COS 115-10
More pollinator species are required for pollination function at larger spatial scales, but high regional dominance can suppress this effect

Thursday, August 14, 2014: 4:40 PM
Regency Blrm D, Hyatt Regency Hotel
James R. Reilly, Department of Ecology, Evolution, & Natural Resources, Rutgers University, New Brunswick, NJ
Ignasi Bartomeus, Estación Biológica de Doñana (EBD-CSIC), Sevilla, Spain
Daniel P. Cariveau, University of Minnesota, MN
Faye Benjamin, Ecology & Evolution Graduate Program, Rutgers University, New Brunswick, NJ
Rachael Winfree, Department of Ecology, Evolution, and Natural Resources, Rutgers University, New Brunswick, NJ
Background/Question/Methods

Ecological understanding of the biodiversity-ecosystem functioning relationship is based largely on experiments, which by necessity are done at small scales. Here we use natural pollinator communities and the ecosystem services they provide studied across a 5000 km2area to extend previous results to larger scales. Specifically, we investigated how the number of bee species required to pollinate three crop plants changes with increasing spatial scale.  Pollinator abundance and identity were measured by collecting bees visiting flowers of watermelon, cranberry, and blueberry (16 sites each) in New Jersey and Pennsylvania.
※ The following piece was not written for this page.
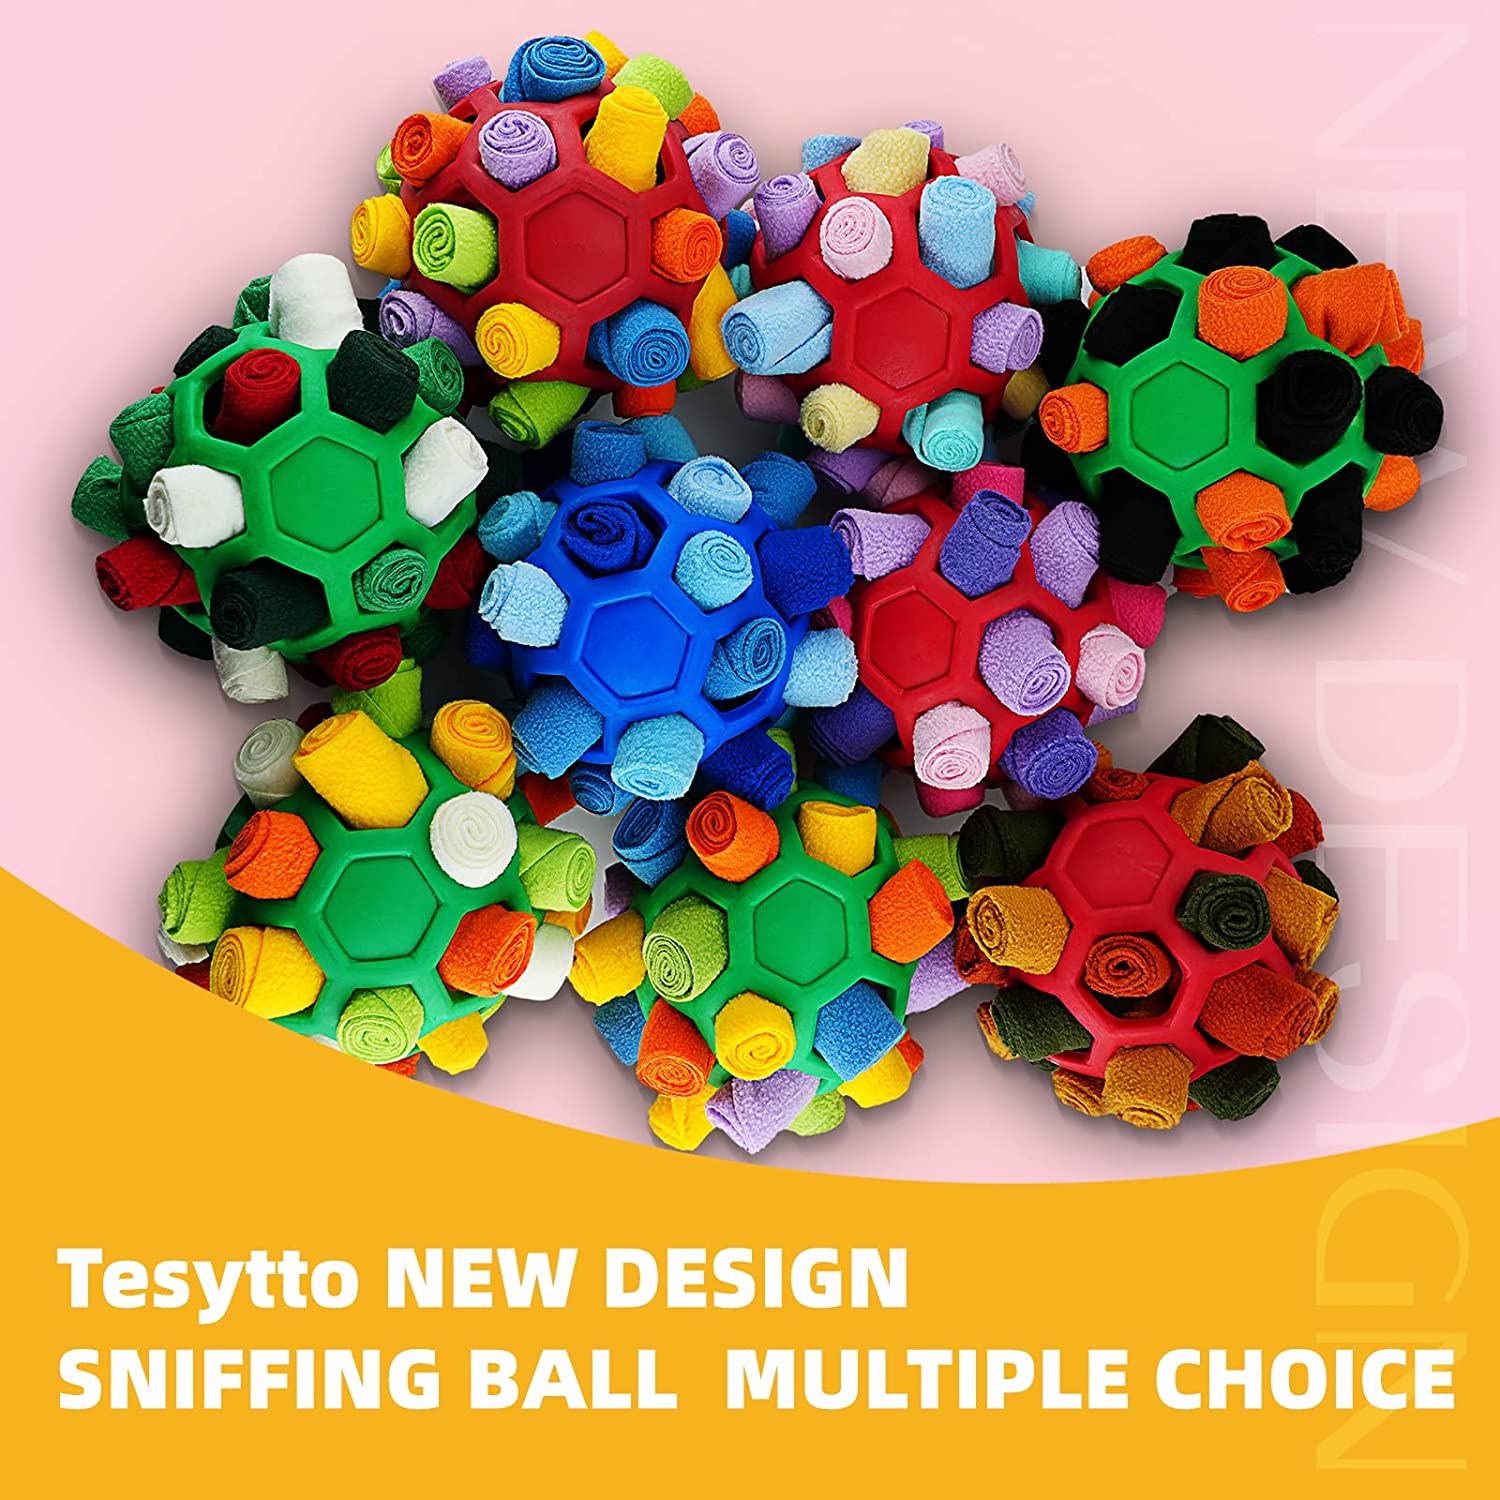 Pet Supplies : ailyfu Snuffle Ball for Dogs, Interactive Dog Snuffle Ball  with Dog Clicker, Dog Enrichment Toys Encourages Natural Foraging Skills,  Slow Feeder Treat Ball, Puzzle Toys for Small & Medium

Per-species contribution to pollination function was measured as conspecific pollen grains deposited per flower visit, and total function per site was estimated by multiplying pollinator abundance by pollen deposition per bee.  We explored two questions: 1) how does the number of bee species required to achieve a target level of pollination at all sites change with increasing spatial extent of the study, and 2) how important is beta-diversity among the dominant species in driving this effect?  We used a minimum set approach to determine the number of bee species, chosen from the complete list of species observed at a site, necessary to achieve a target level of pollination at each site.

Results/Conclusions

We collected a total of 3883 individual bees of 81 species visiting flowers of the three crops.  Following previous studies, we used 50% of observed pollination level as our target.  As spatial extent increased, the number of species required increased by a factor of 5.5 (watermelon), 3.7 (cranberry), and 6.8 (blueberry).  Despite this large increase, the absolute number of species required to reach the target at all 16 sites was only 18% of total species in the system for watermelon and 15% for cranberry.  For blueberry, 44% of total species were required, consistent with the higher species turnover and lower dominance observed in that system (Evar evenness index for blueberry: 0.32, cranberry: 0.19, watermelon: 0.19). Under a null model that randomized species identity, the total number of species required increased across all sites by a factor of 2.3 (watermelon), 3.2 (cranberry), and 1.5 (blueberry), and asymptoted more slowly.  This suggests that high regional dominance (lack of beta-diversity among the dominant species) is suppressing the number of species needed for crop pollination, especially in watermelon and cranberry.  Our results highlight the importance of considering species abundance variation when analyzing ecosystem functions in real-world systems.